The former film established her signature style: contrasting epic physical landscapes with extreme close-ups on the landscapes of faces, and exhibiting her facility with the handheld camera to capture those faces. Morano's close-ups aren't of the objective, fly-on-wall ilk; they are more empathic, as if they were taken from the perspective of a priest listening to a confessor.

The latter was distinguished by its limited palette—mostly ice-cube grey with pops of glacier blue, conveying monotony via monochrome. "Color correction is one of my things," explains Morano, whose sense of hue is both painterly and emotional.

Although Morano had established her directing credentials on Meadowland, Morano had to convince the producers of The Handmaid's Tale, for which she directed the first three episodes, that she was up to the task of establishing the series' tonal template. So she diligently prepared a 72-page pitch deck, pairing evocative imagery to paragraphs from the novel.

She visualized the entire pilot, from how she would differentiate the flashbacks to the democratic United States with the present-day repressive regime of Gilead. Recognizing the novel as "a POV story where the viewer is trapped in the head of Offred [the enslaved gestational carrier played by Elisabeth Moss]," Morano wrestled with the challenges of how to tell a first-person POV story without completely relying on voiceover and how to take viewers to a dystopia that didn't feel like a period movie.

Soon after she came aboard, every department— from production design and costumes to sound and cinematography—had Morano's lookbook, a scaled-down version of the pitch deck, to create what she calls a unified vision.

With Morano working with DP Colin Watkinson, the flashbacks were shot handheld, cinema vérité style, in order to drop viewers in the moment. In Gilead, a static camera and formal compositions melded Old Masterly framing with Kubrickian symmetry.

Offred's voiceovers occur as the camera edges toward her, but with a lens different from the Canon K-35s used for most of the Gilead shots. For Offred's voiceovers they used a 28mm Zeiss 2.1, subliminally cueing the audience that it is entering Offred's head.

There were intimate moments in the script, Morano knew, when she would want to get the camera on her shoulder and operate herself. Watkinson was amenable.

Besides Kubrick, Morano's filmmaking inspirations range from Paul Thomas Anderson and Darren Aronofsky to Kathryn Bigelow and Sofia Coppola. In her work there are traces of them especially in the long silences and surprising sounds, the deep shadows and clarifying light and, most especially, in her handheld camerawork.

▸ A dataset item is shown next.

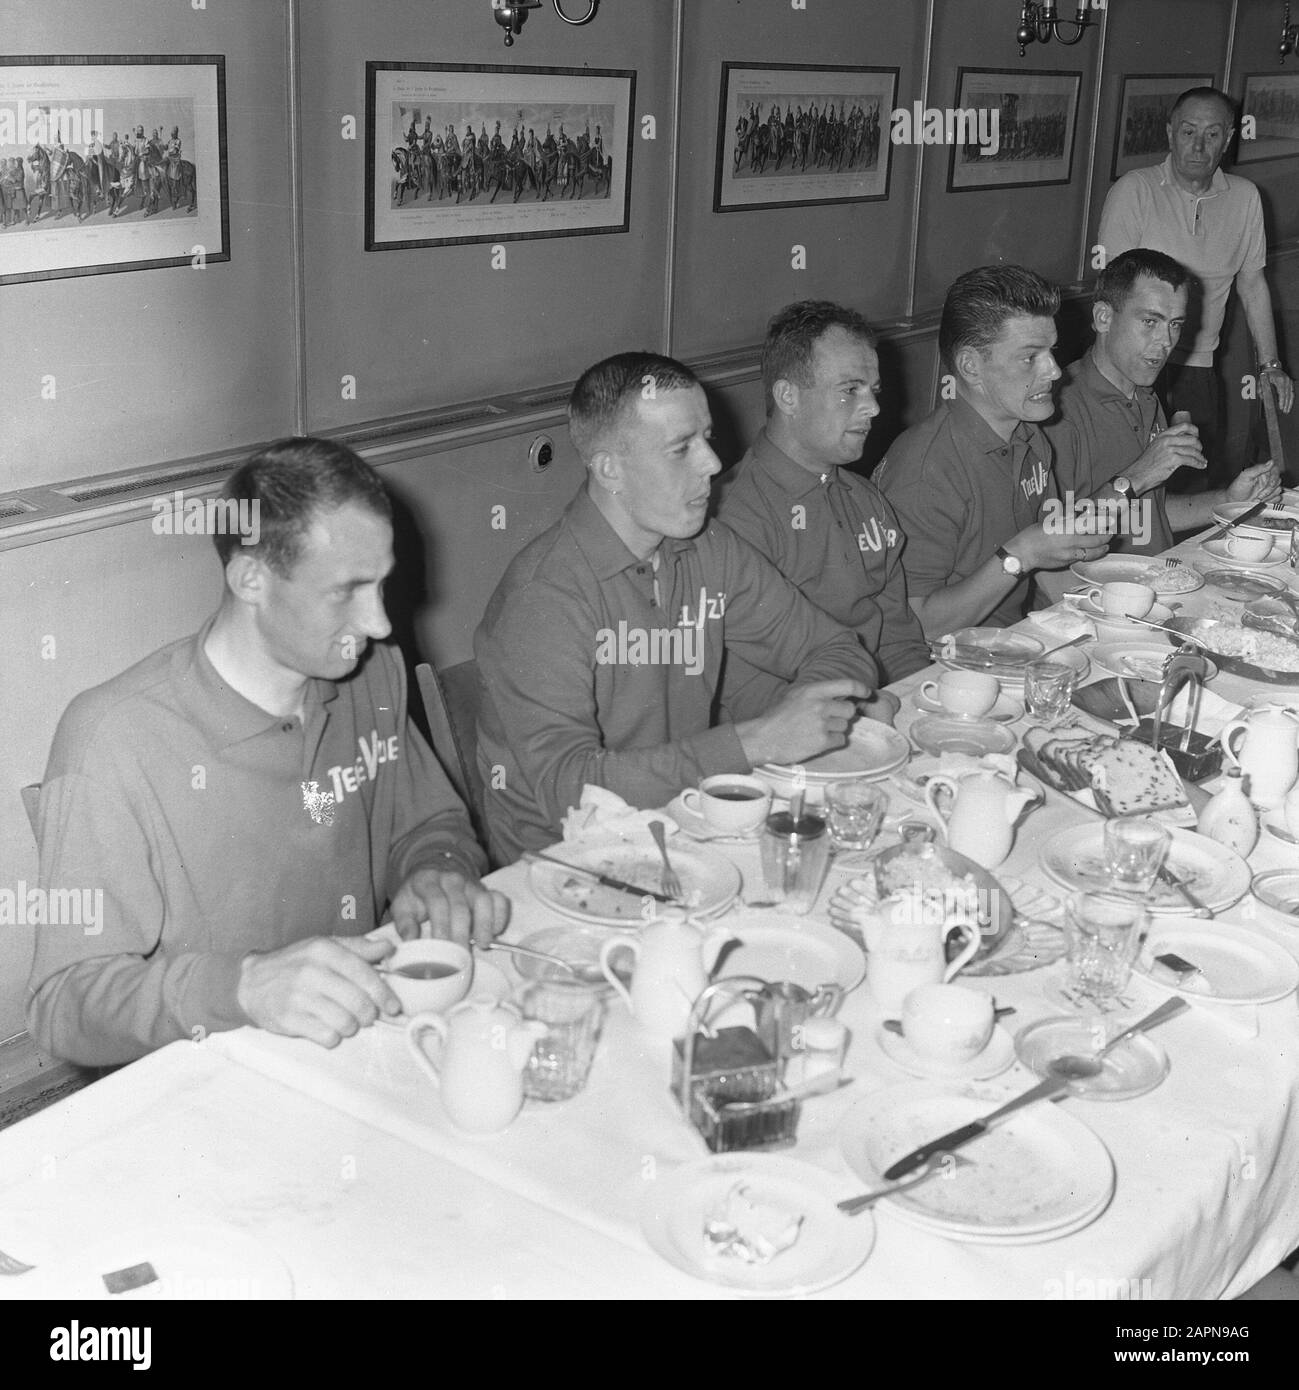 Tour de France, first stage Cologne Liège, the cyclist of Televizier at the meal Date: 22 June 1965 Keywords: stages, meals, cyclists Institution name: Televizier Stock Photo
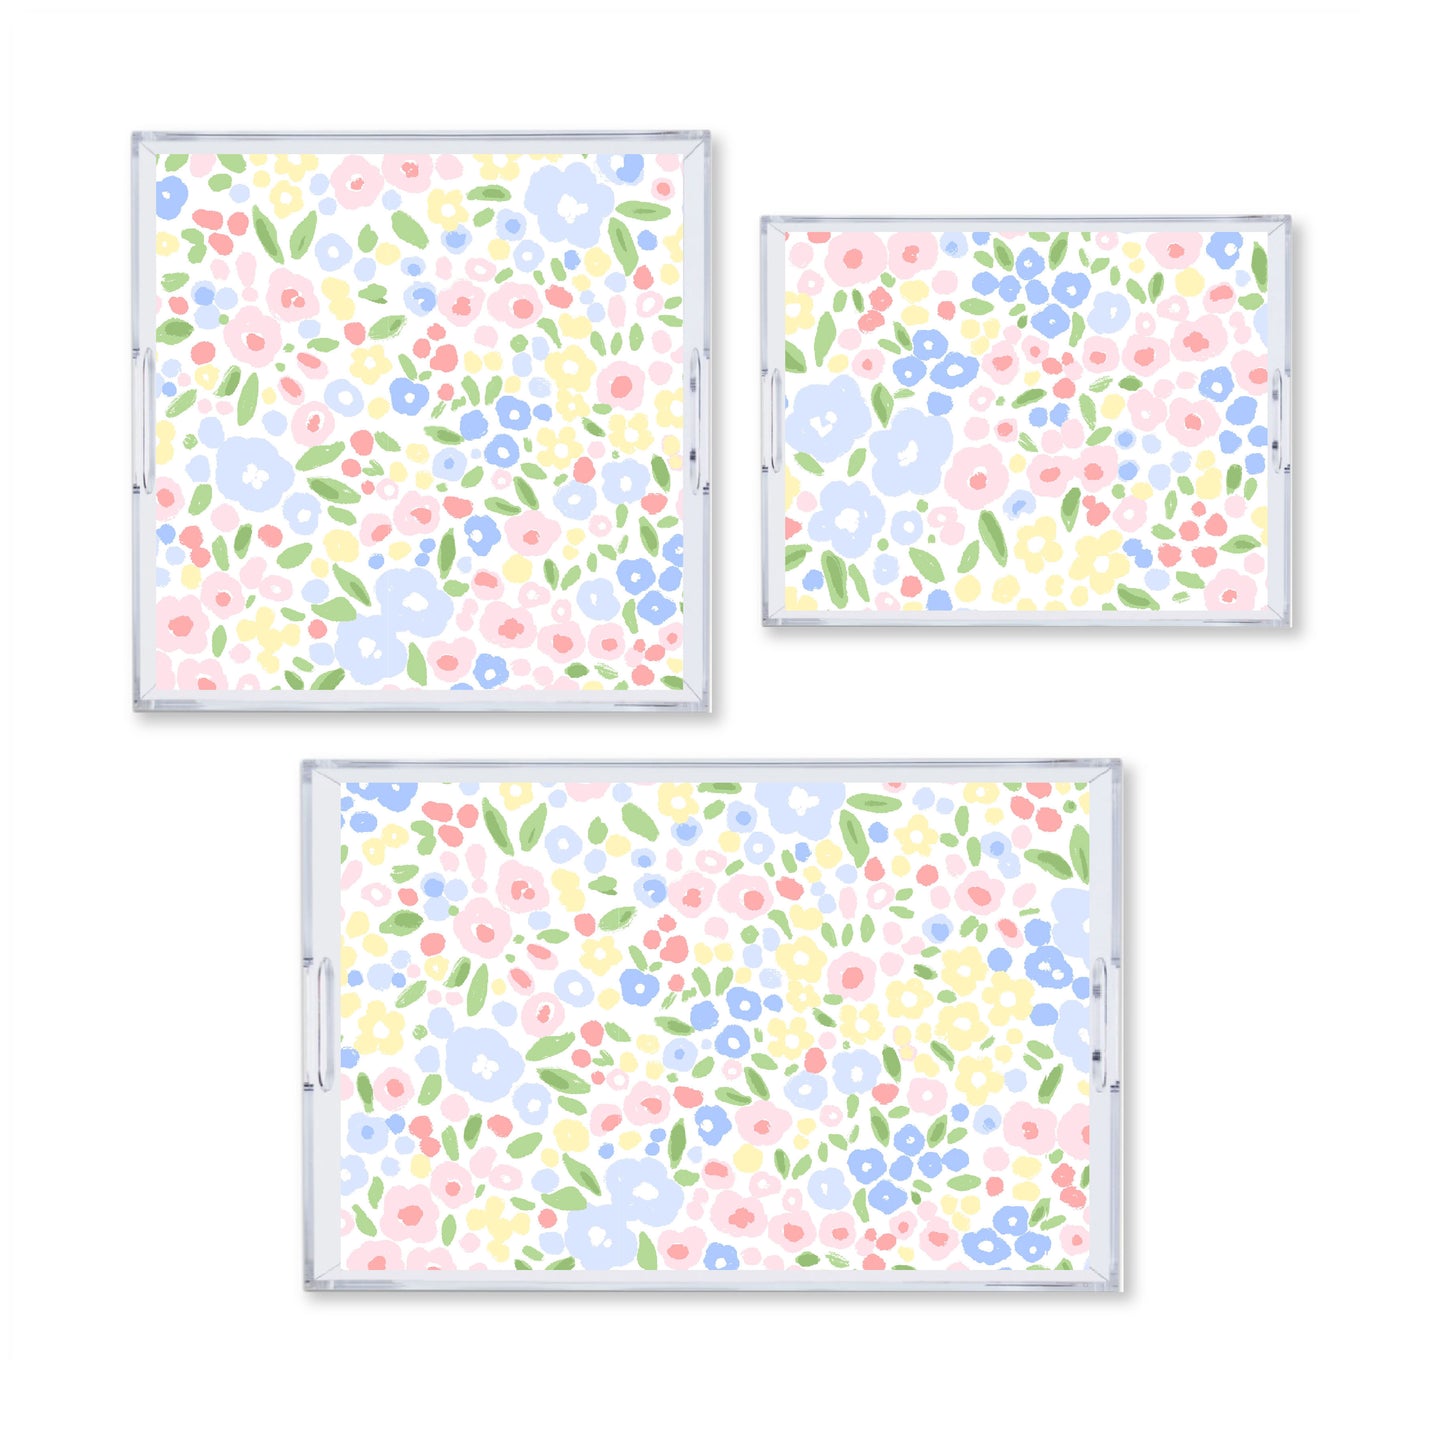 Floral Toss Reversible Acrylic Tray With Optional Monogram - Available In 3 Sizes

Having established herself as a director, Morano is easing away from television and toward feature films, in which there's more autonomy. On TV, she says, a director is in the odd position where the producers say, "You are driving this car, but there will be people in the back seat telling you what to do. But when you have your own, you don't want to carry out someone else's vision."

Now that Morano is in the position to choose the projects she wants—she courted the producers of The Rhythm Section with a 132-page pitch deck—she is angling for projects that will give her new challenges. In this story of a woman who reclaims her own life by becoming an assassin, Morano aims not to create a superheroine but a relatable person in a context where violence isn't glorified. "The emphasis is on emotion and character," she says.

In other words, she doesn't want to get into anyone's face. She wants to get under their skin.